Return only the lines below starting at the line containing "Rafael Ramos (left)" and ending at the line containing "Minister Edukacji Barbara", both included, exactly as they are and with no pictures.

• [Information given]:
· · · · · · ·

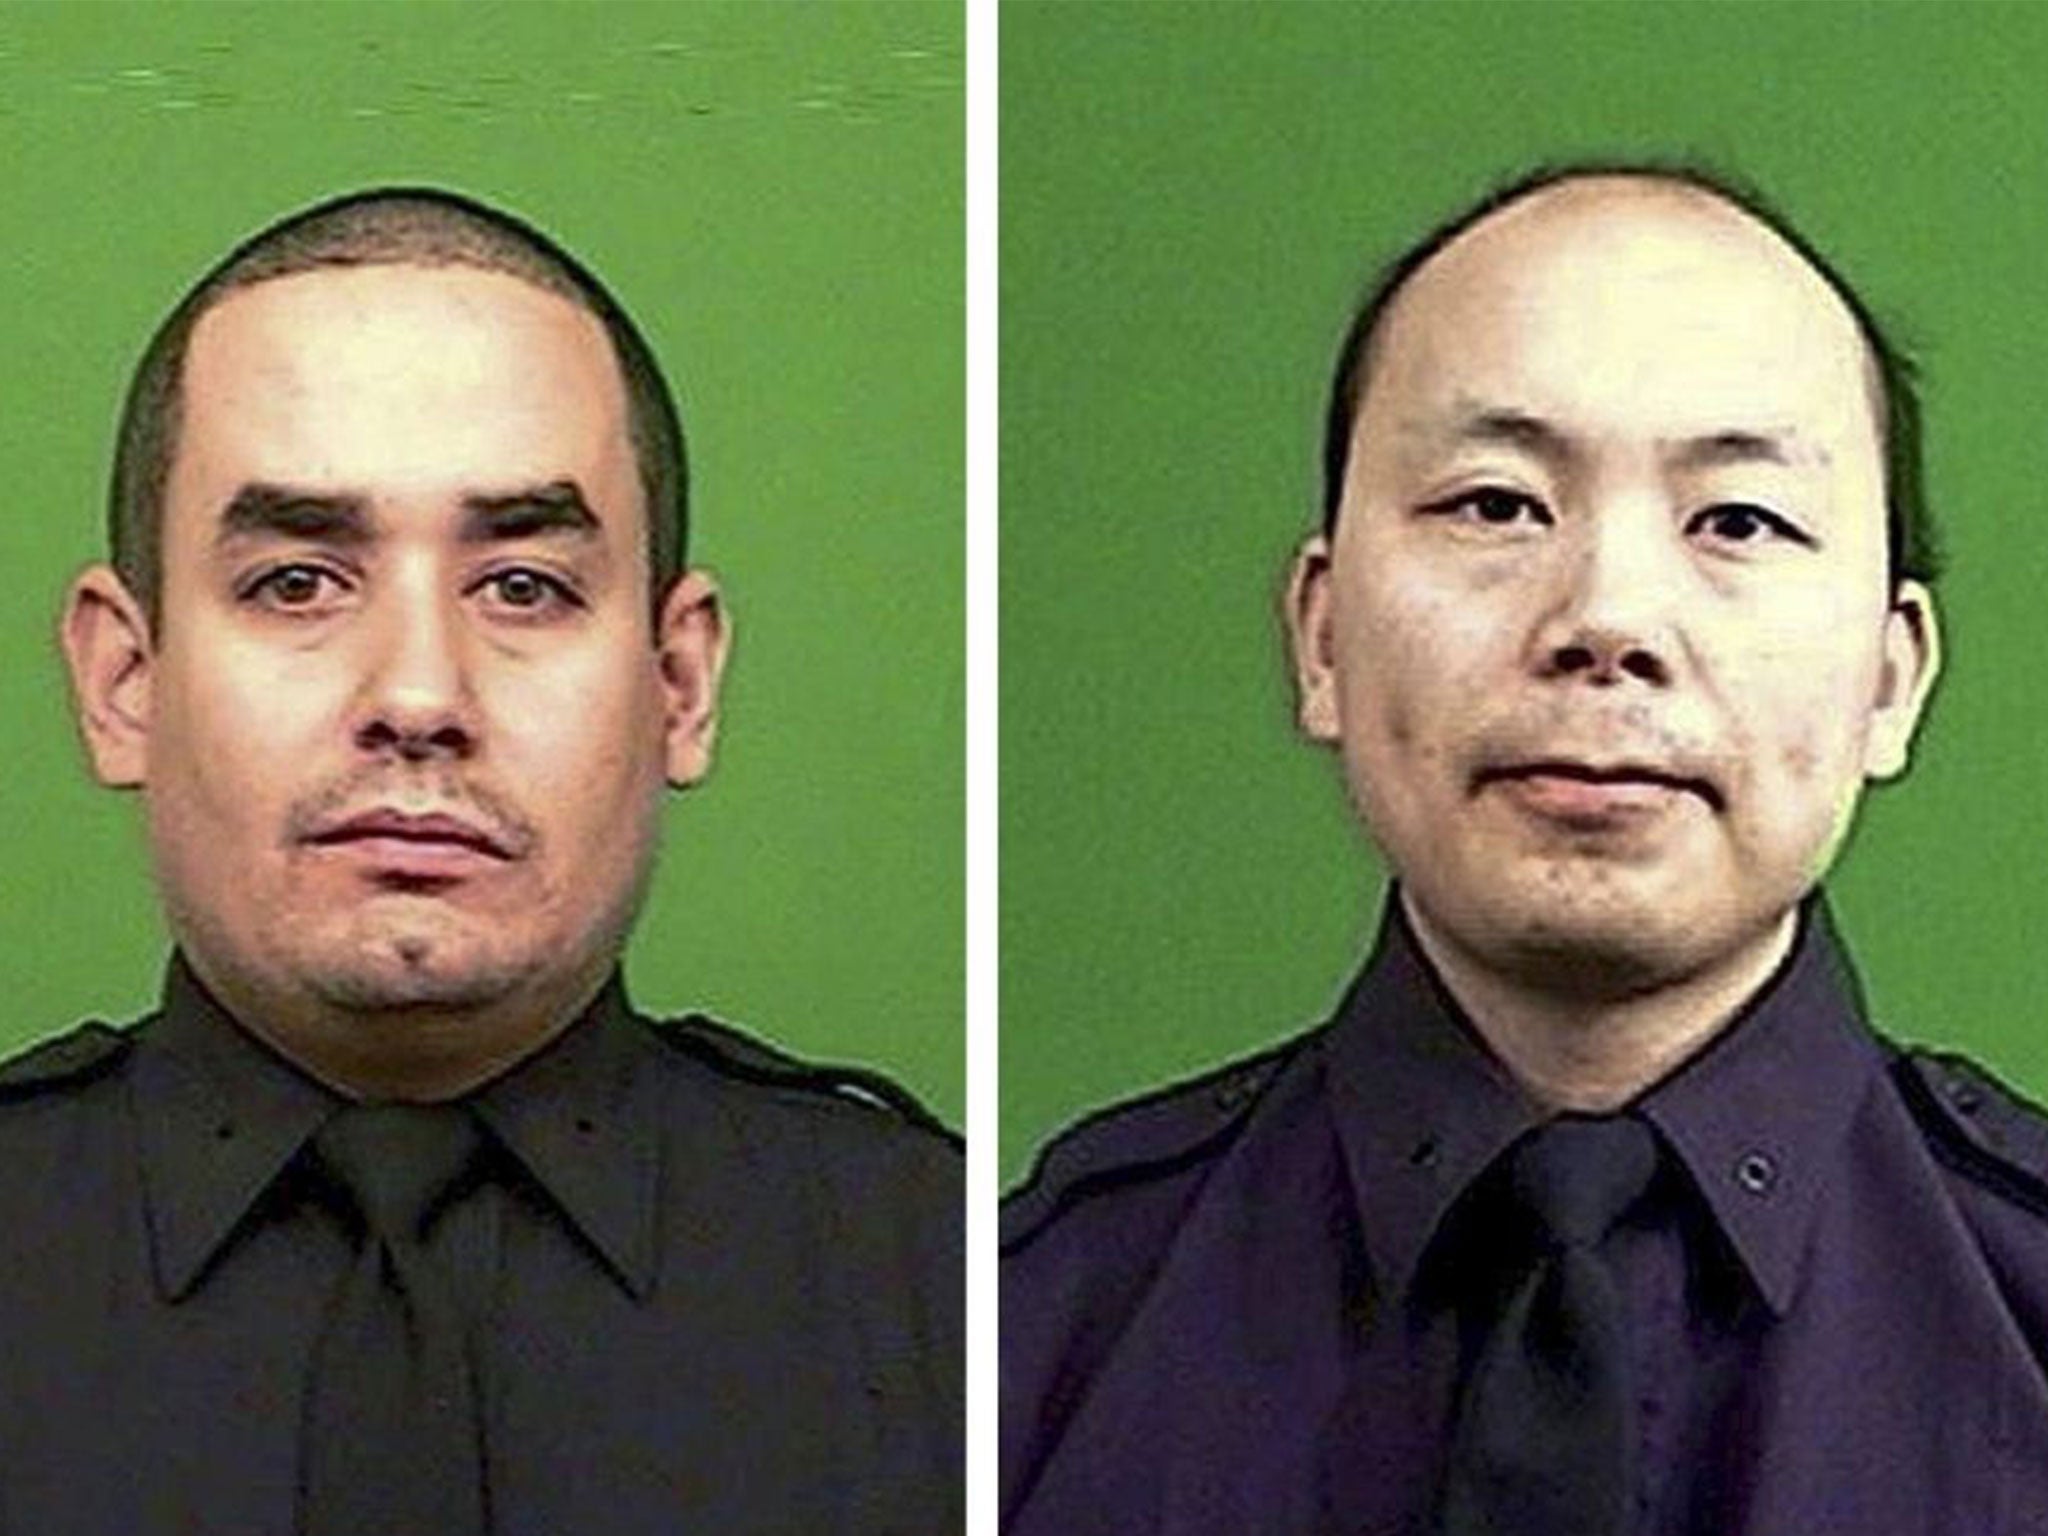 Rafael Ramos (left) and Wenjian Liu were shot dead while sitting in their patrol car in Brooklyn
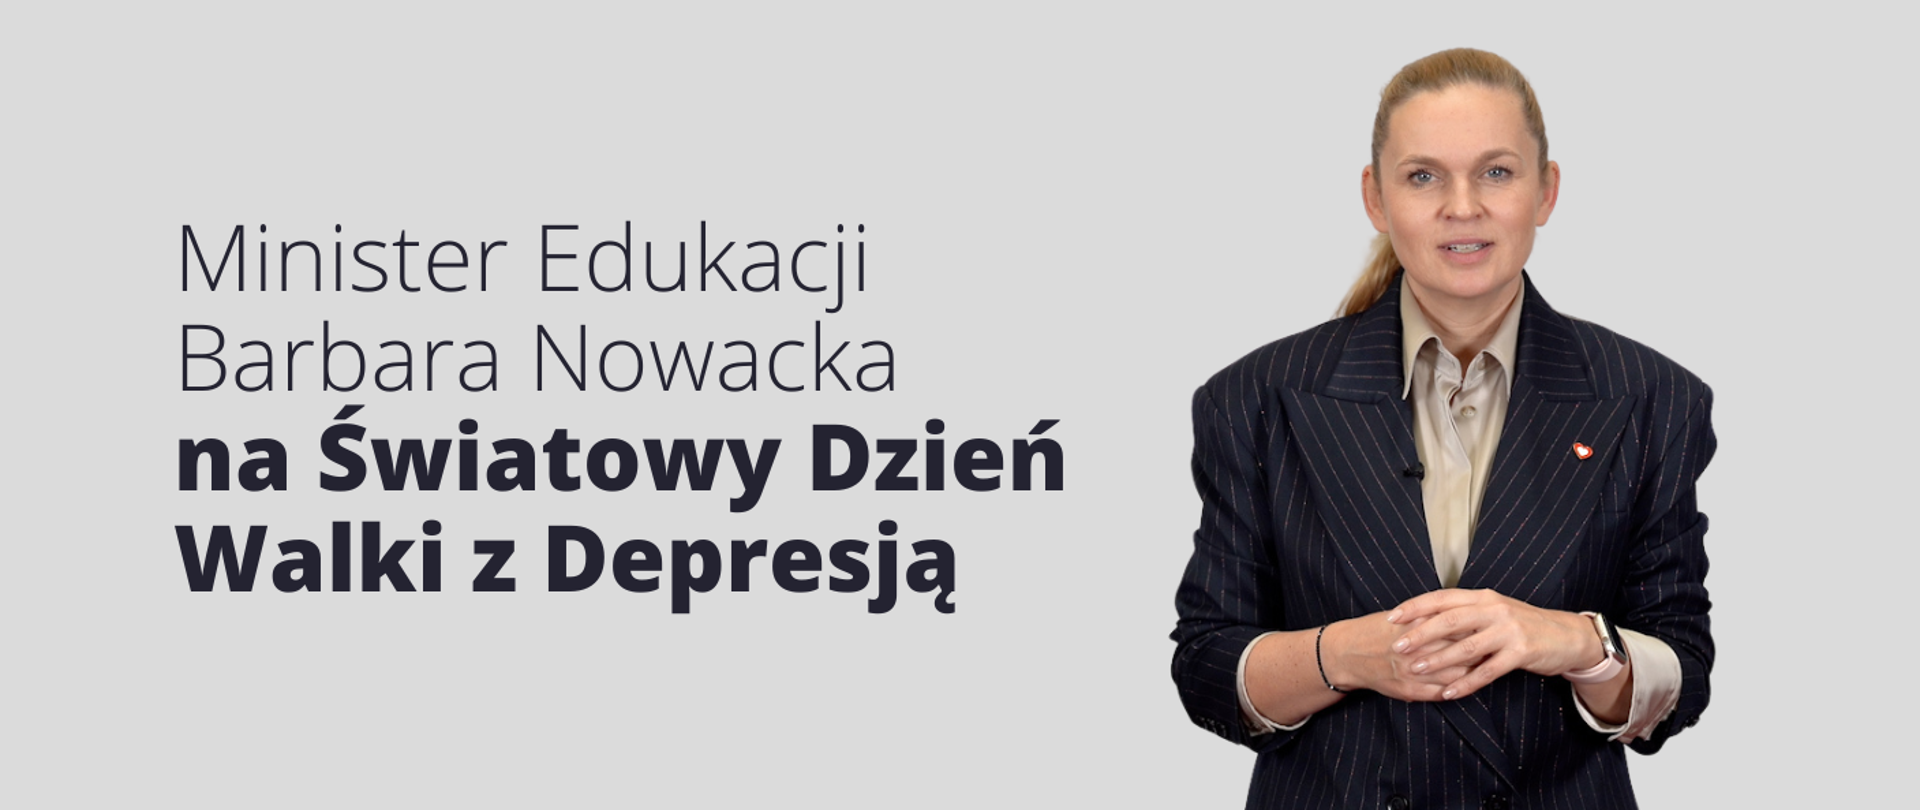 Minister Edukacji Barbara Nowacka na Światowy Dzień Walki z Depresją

· · · · · · ·

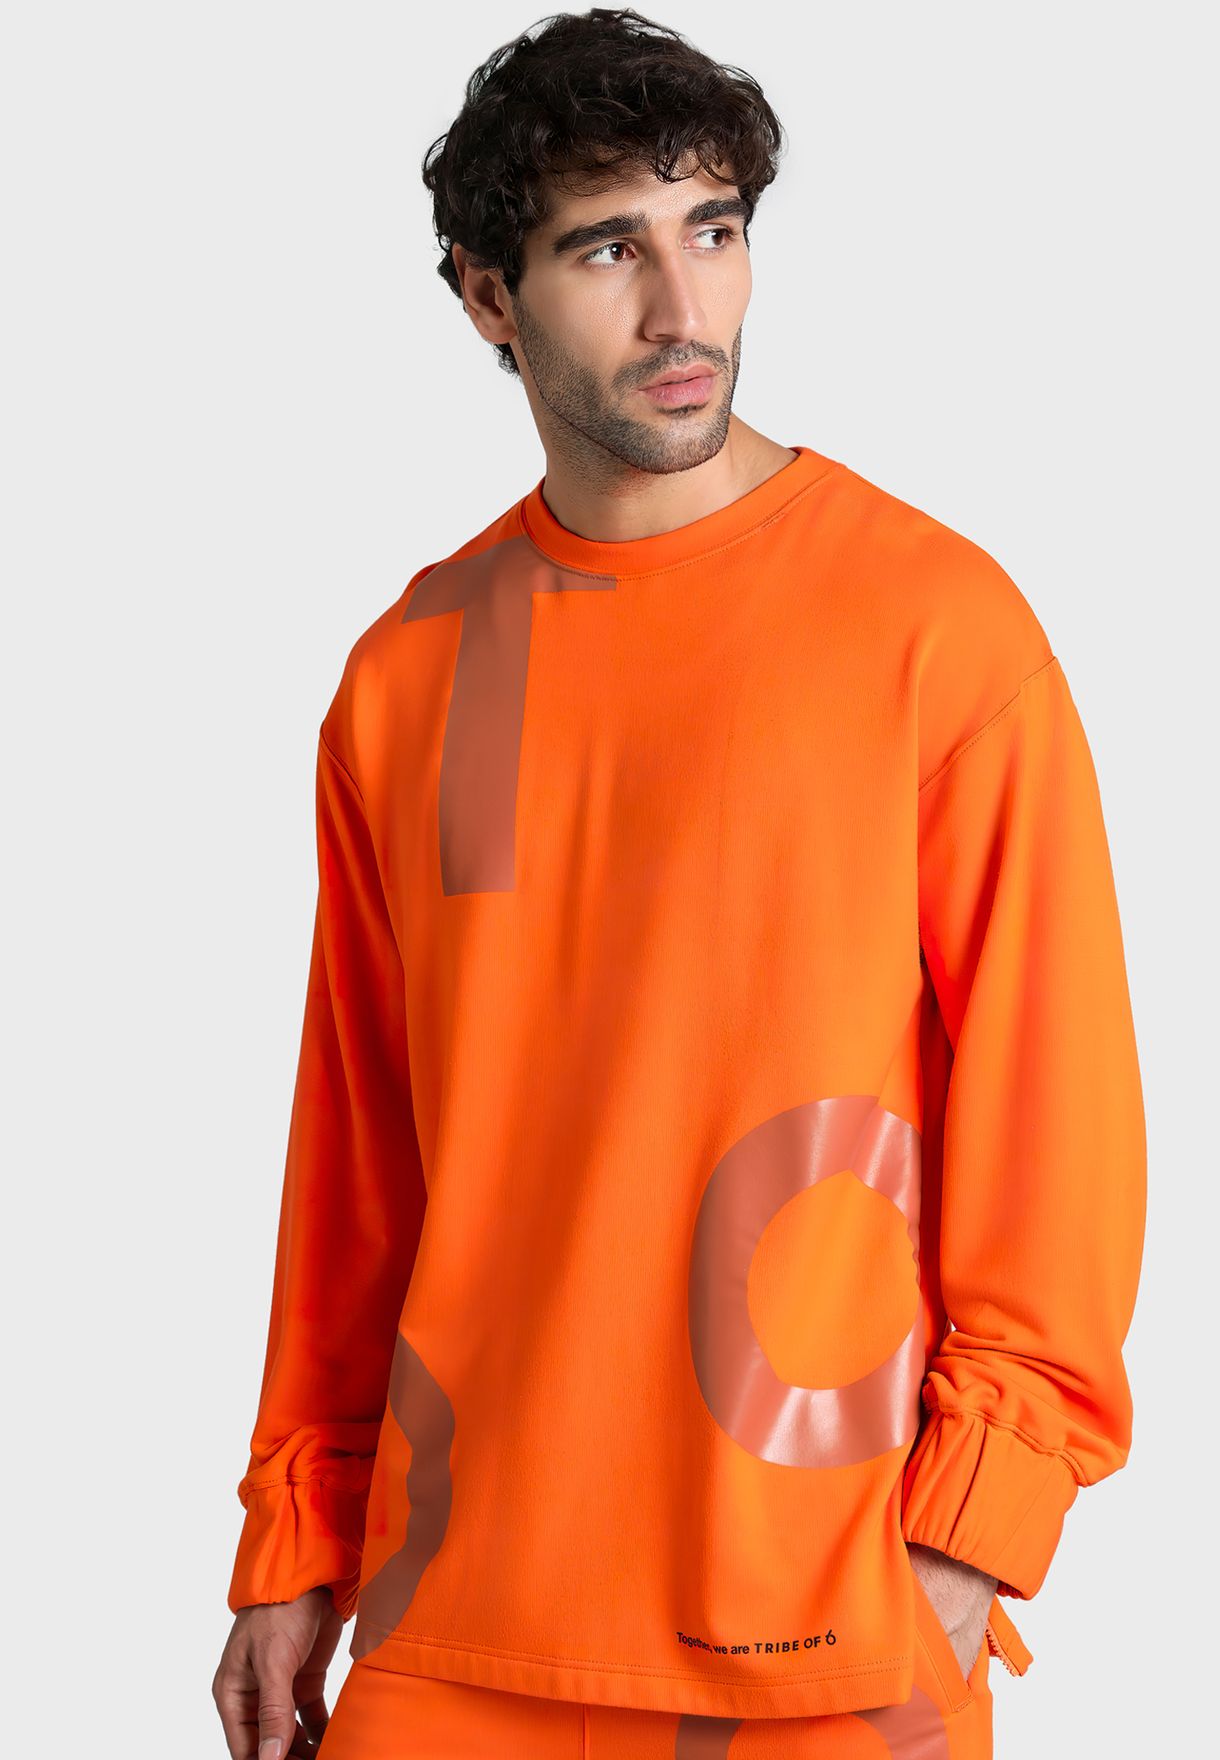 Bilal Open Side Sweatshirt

· · · · · · ·

• [Task answer]:
 Rafael Ramos (left) and Wenjian Liu were shot dead while sitting in their patrol car in Brooklyn
 Minister Edukacji Barbara Nowacka na Światowy Dzień Walki z Depresją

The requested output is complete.